(Work required) I need every line from the start of the material below up to and including the line containing "Мужские часы Bulova", restated exactly, with the pictures omitted.

[[ Data open ]]

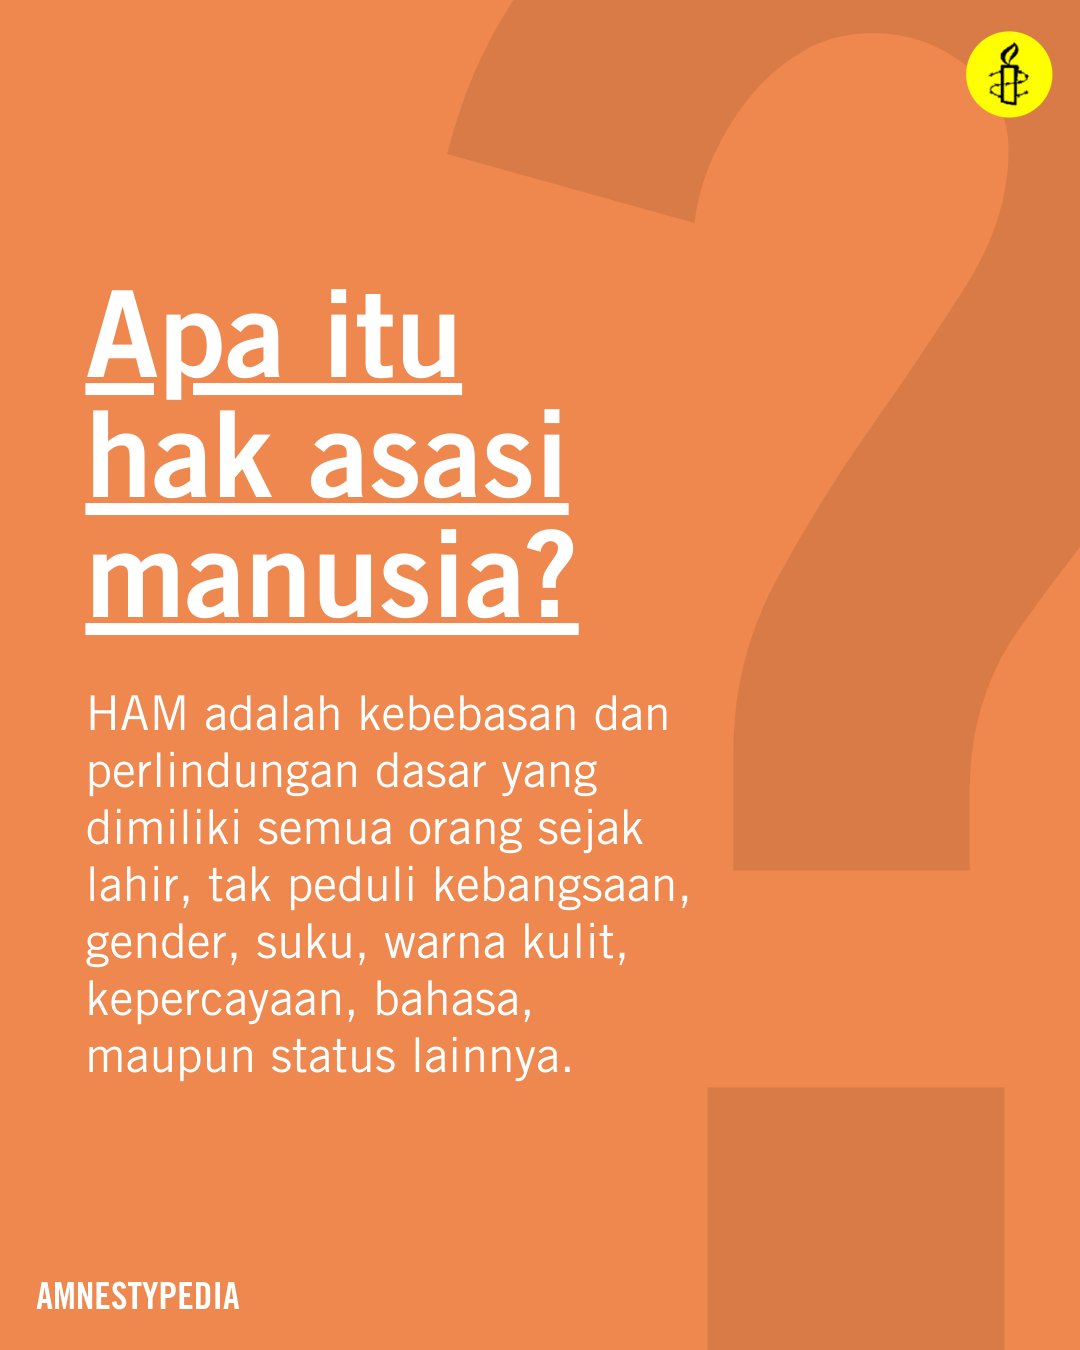 Amnesty International Indonesia On Twitter Ham Adalah Kebebasan Dan Perlindungan Dasar Yang Dimiliki Semua Orang Sejak Lahir Apapun Kebangsaan Gender Suku Warna Kulit Kepercayaan Bahasa Maupun
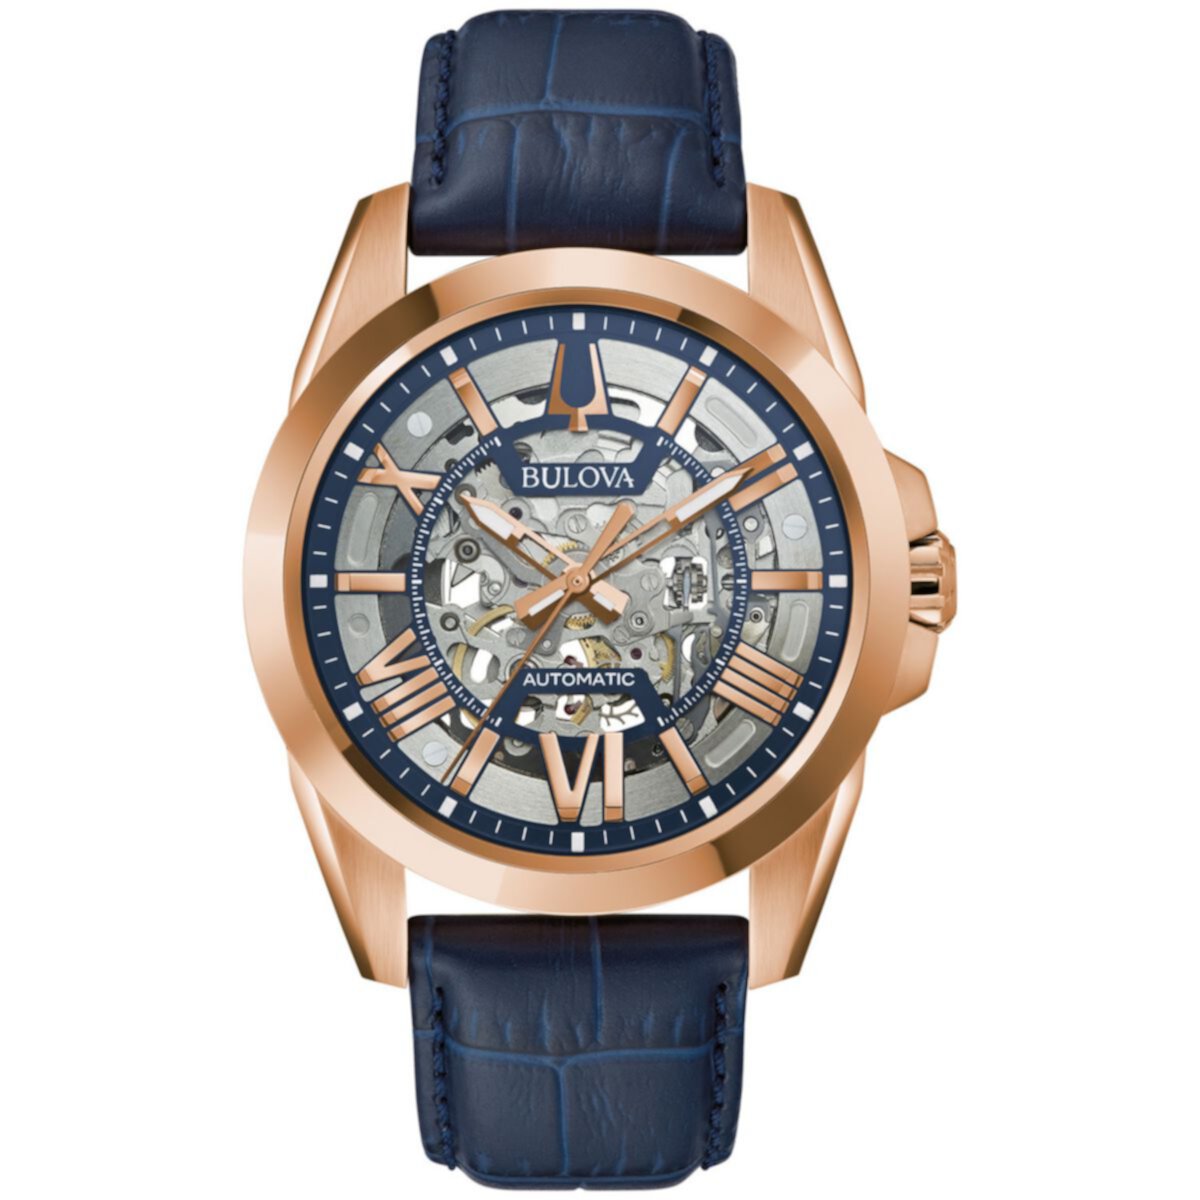 Мужские часы Bulova с синим кожаным ремешком и автоматическими часами со скелетом - 97A161 Bulova
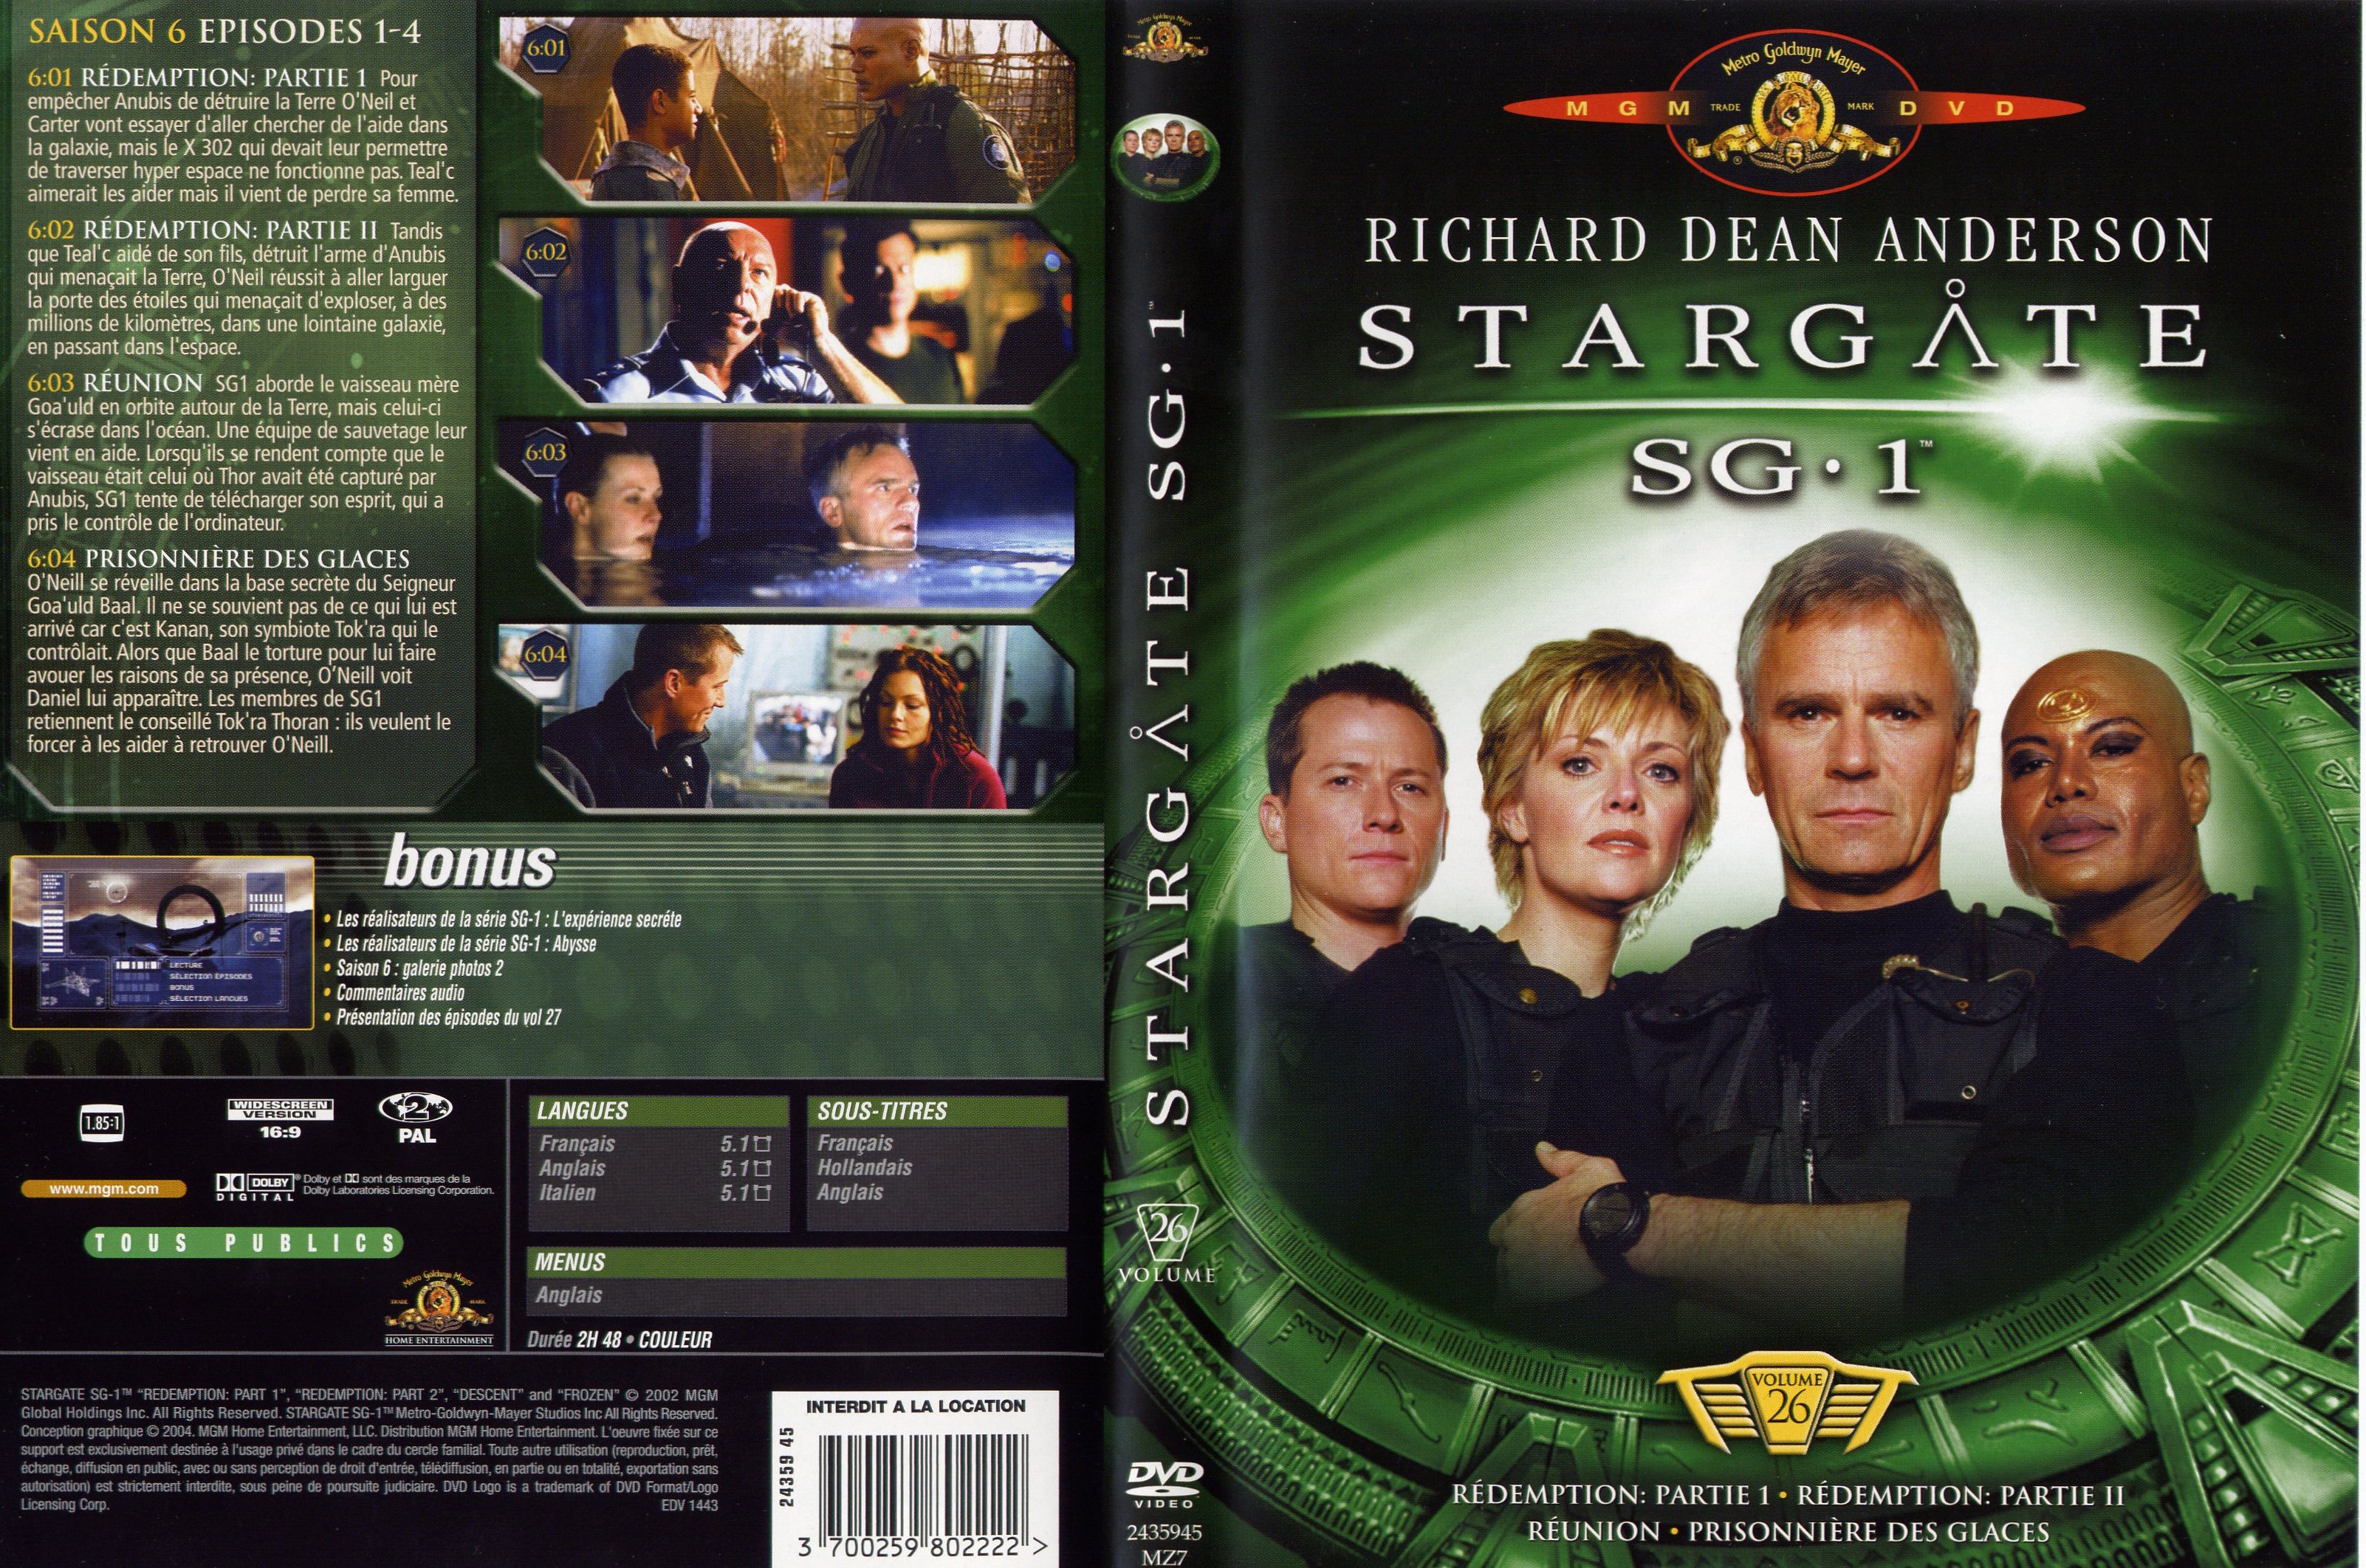 Jaquette DVD Stargate SG1 vol 26 v2

[[ Data closed ]]

(Exercise output)
 Amnesty International Indonesia On Twitter Ham Adalah Kebebasan Dan Perlindungan Dasar Yang Dimiliki Semua Orang Sejak Lahir Apapun Kebangsaan Gender Suku Warna Kulit Kepercayaan Bahasa Maupun
 Мужские часы Bulova с синим кожаным ремешком и автоматическими часами со скелетом - 97A161 Bulova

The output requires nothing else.